Thanks, Emily. Operator, you can open up the call for questions, please.
Thank you. Ladies and gentlemen, we will now begin the question and answer session. Should you have a question, please press the star followed by the one on your touchtone phone. you will hear a prompt that your hand has been raised. If you wish to decline from the polling process, please press drop followed by the two. And if you are using a speakerphone, please lift the handset before pressing any keys. The first question comes from Sam Damiani at TD Cowen. Please go ahead.
Thank you. Good morning, everyone. Tom, there hasn't been any new disposition signings or announcements since last November. Just wondering if you could comment on the efforts, the initiatives, and why it's been quiet on the front for three months.

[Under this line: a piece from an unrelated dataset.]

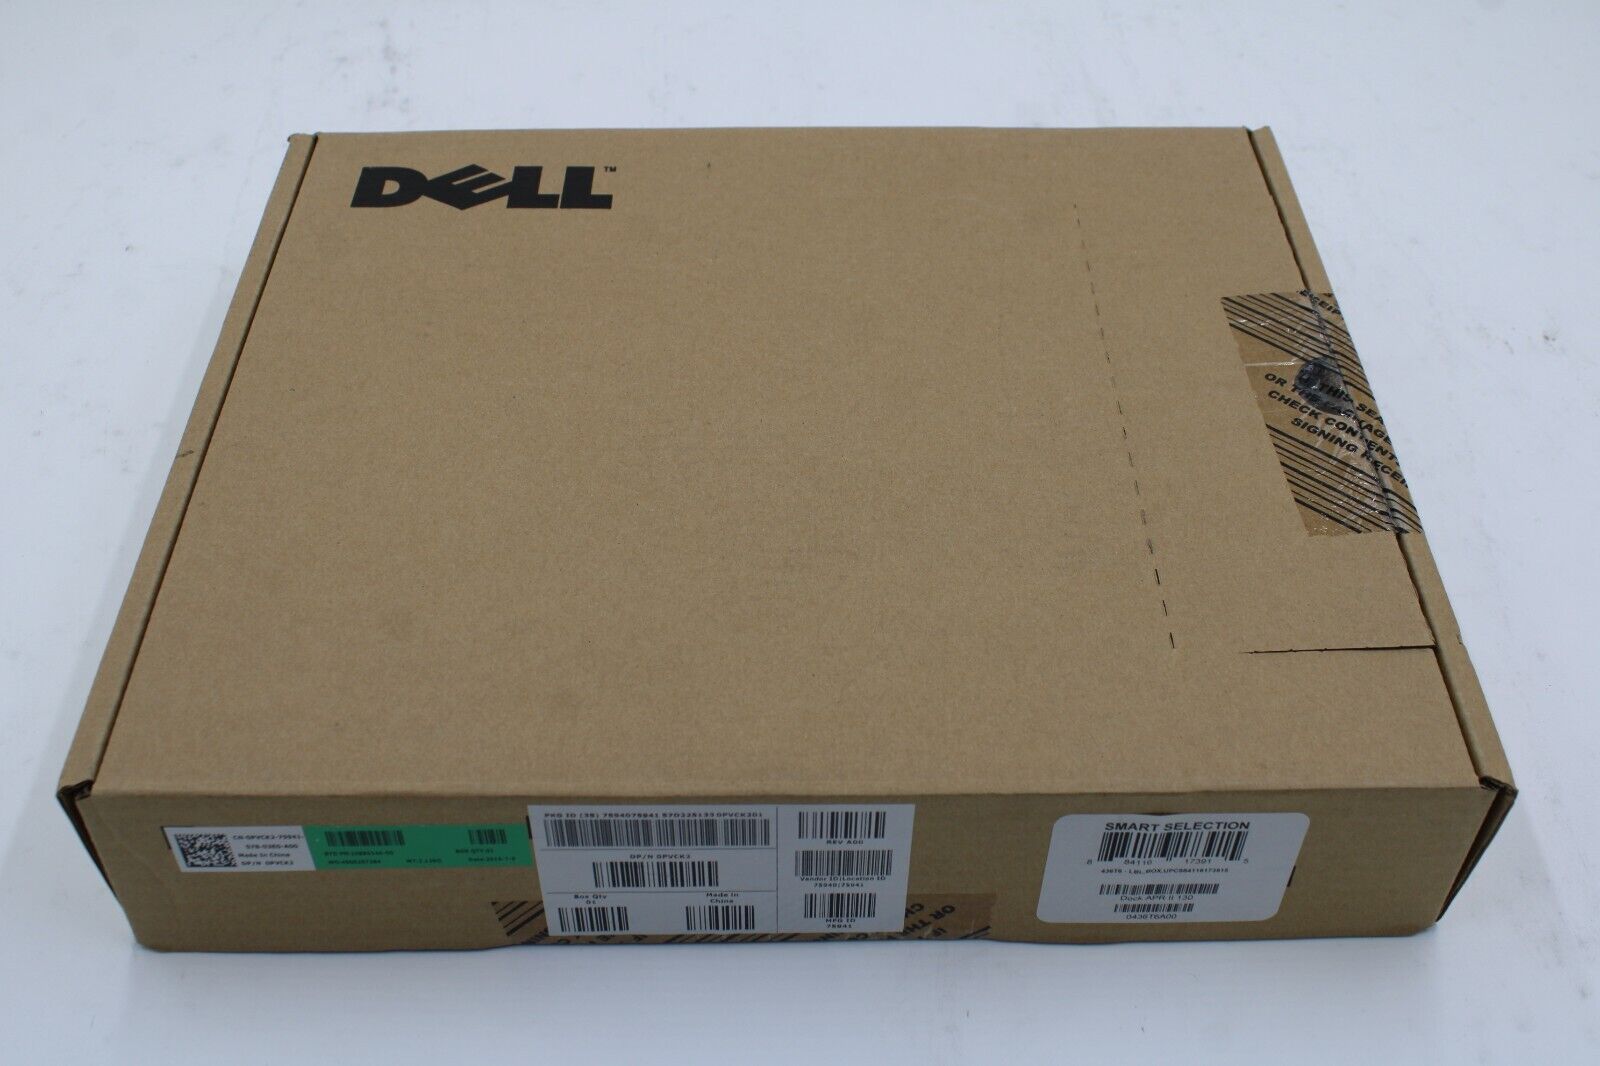 New Open Box Dell 0PVCK2 APR 2 130 E-PORT Plus Docking Station

Morning, Sam. No special reasons, just seasonality. End of the year, we need a lot. Christmas time comes, the market's low in December, January, as you know. It's currently February. So I know it's your favorite question. We're not jumping off to do sales just for the sake of doing sales. We will expect to have on the market some assets that are there now, that are going on now. We expect to realize some sales at the Caledon. The government has to take the lens for the 413 highway expansion. We expect to hear some news on 26. Well, we know what's going on in the market. 25 Shepherd, we expect to hear some news. The deals just take time, nothing unusual. We're still proceeding with the selling of the properties that we circled, and we are totally optimistic that we'll get the finish line.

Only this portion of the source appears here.